Backpropagation(BP) 倒傳遞法 #3 貓貓分類器-N層類神經網路

2019-04-252020-04-03 Andy Wang 0 Comments Backpropagation, Gradient Descent, Logistic Regression, Machine Learning, Neural Network, Optimization Algorithm

本文會以上篇內容（2層類神經網路）為基礎加深難度與實用性，因此這次將會實作可自定層數的類神經網路以及使用倒傳遞法（Back propagation, BP）優化的方法。這次的模型作法也是使用邏輯回歸（Logistic Regression）建立貓貓分類器。當然，你想換成別種圖片也是OK的。

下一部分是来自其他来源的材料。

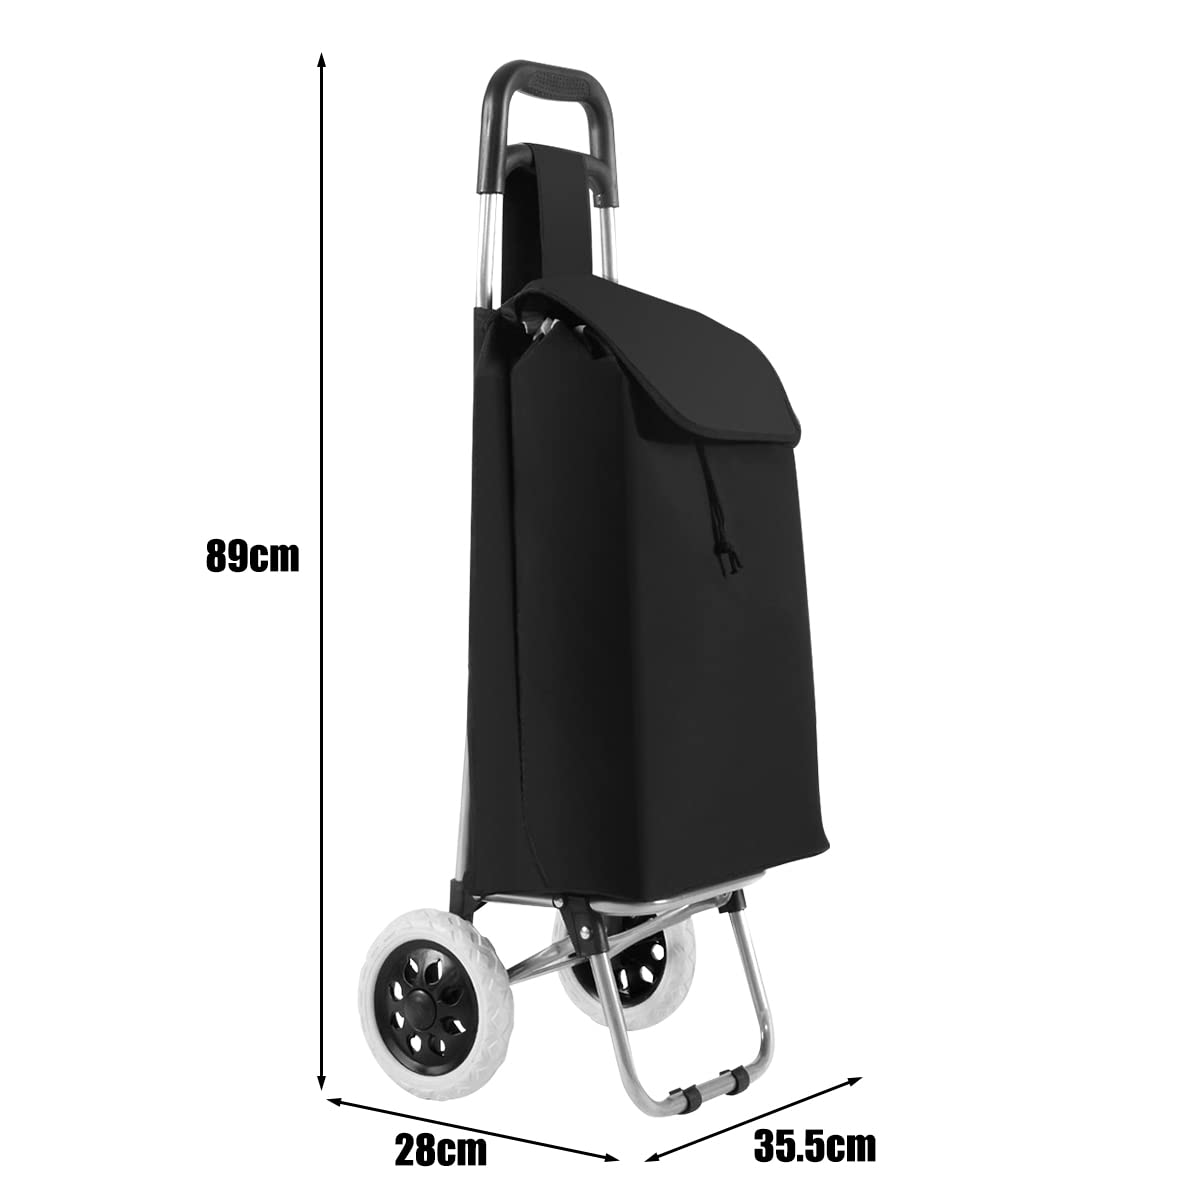 Giantex Folding Shopping Cart Foldable Shopping Trolley Bag w/ 2 Swivel Wheels
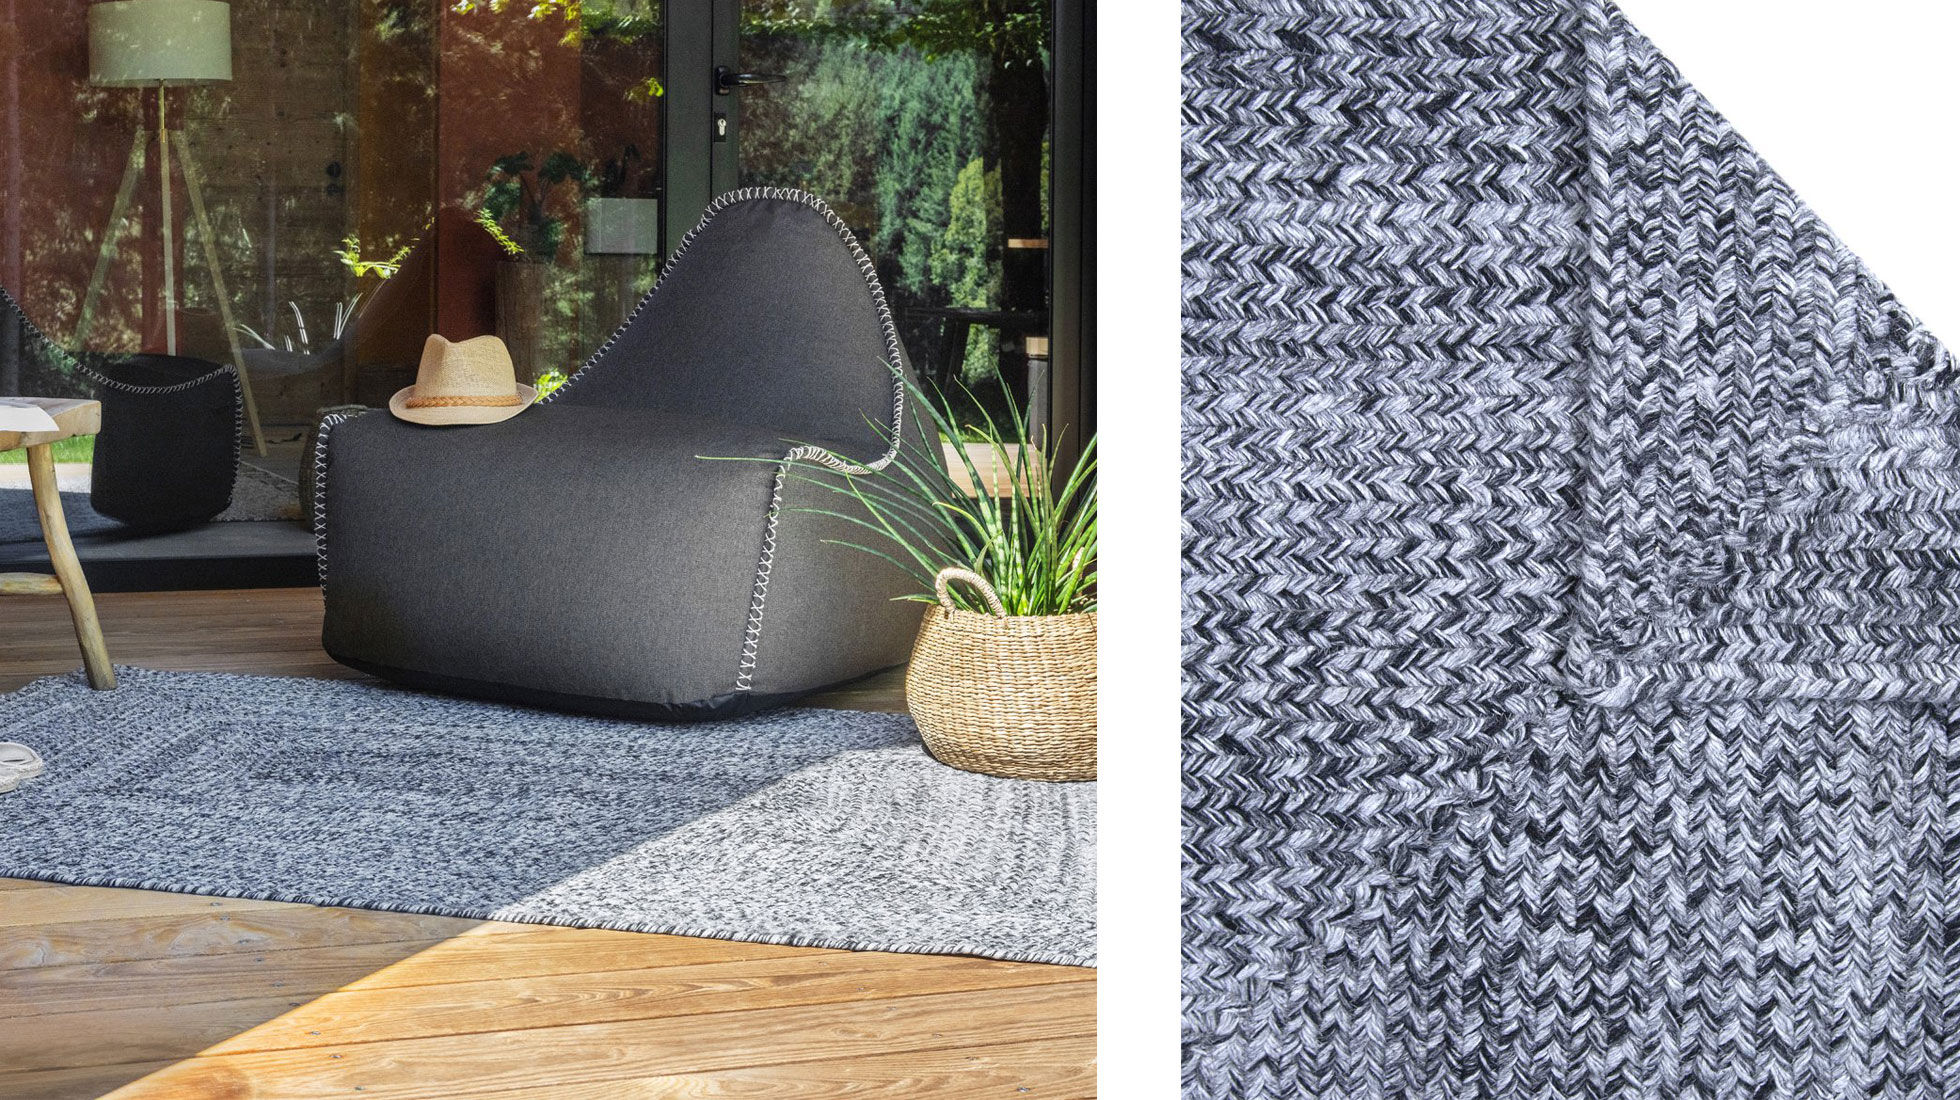 Sessel Outdoor auf einem Outdoor Teppich und Zoom Material

本文會著重於多層類神經網路中正向傳遞與反向傳遞對的計算和理解，若對於其他部分比較有興趣或是不太懂的話建議先閱讀上篇：Backpropagation(BP) 倒傳遞法 #2 貓貓分類器-2層類神經網路；如果你覺得還是不太懂推導過程可以先來讀這篇：Backpropagation(BP) 倒傳遞法 #1 工作原理與說明

先來GitHub下載這個範例吧！邊執行邊看文章比較好理解 😀
如果有需要更詳細的原理或是覺得哪裏有問題，也歡迎在文末留言哦！

演算法流程

N層類神經網路的演算法流程與上篇2層類神經網路大致上是相同的流程，差別只在於N層類神經網路中的正向傳遞（Forward pass）與反向傳遞（Backward pass）必須要能夠依據自訂層數自動增加計算次數。

$\\$
$\\$
$\rightarrow$
$\uparrow$
$\uparrow$
$\uparrow$
$\uparrow$
$\uparrow$
$\uparrow$
$\uparrow$
$\leftarrow$
(否)

參數初始化
$\downarrow$
正向傳遞(執行N次)
$\downarrow$
計算成本
$\downarrow$
反向傳遞(執行N次)
$\downarrow$
更新參數
$\downarrow$
檢查是否結束迭代
$\downarrow$(是)
結束

圖（1）：N層倒傳遞法演算法流程

傳統流程

這是傳統固定類神經網路層數的作法，下圖（2）範例是固定4層類神經網路的做法，包括正向傳遞Forward pass、反向傳遞Backward pass的計算流程與變數之間的對應關係。模型輸入會將每一張圖片大小為$64-by-64-by-3$經扁平化（Flatten）處理成大小為$12288-by-1$的向量，訓練階段一共有$209$張圖片，因此訓練過程中的模型輸入$X$矩陣大小為$12288-by-209$。各層類神經網路的神經元數量設定值從第1層至第4層依序為20、7、5、1。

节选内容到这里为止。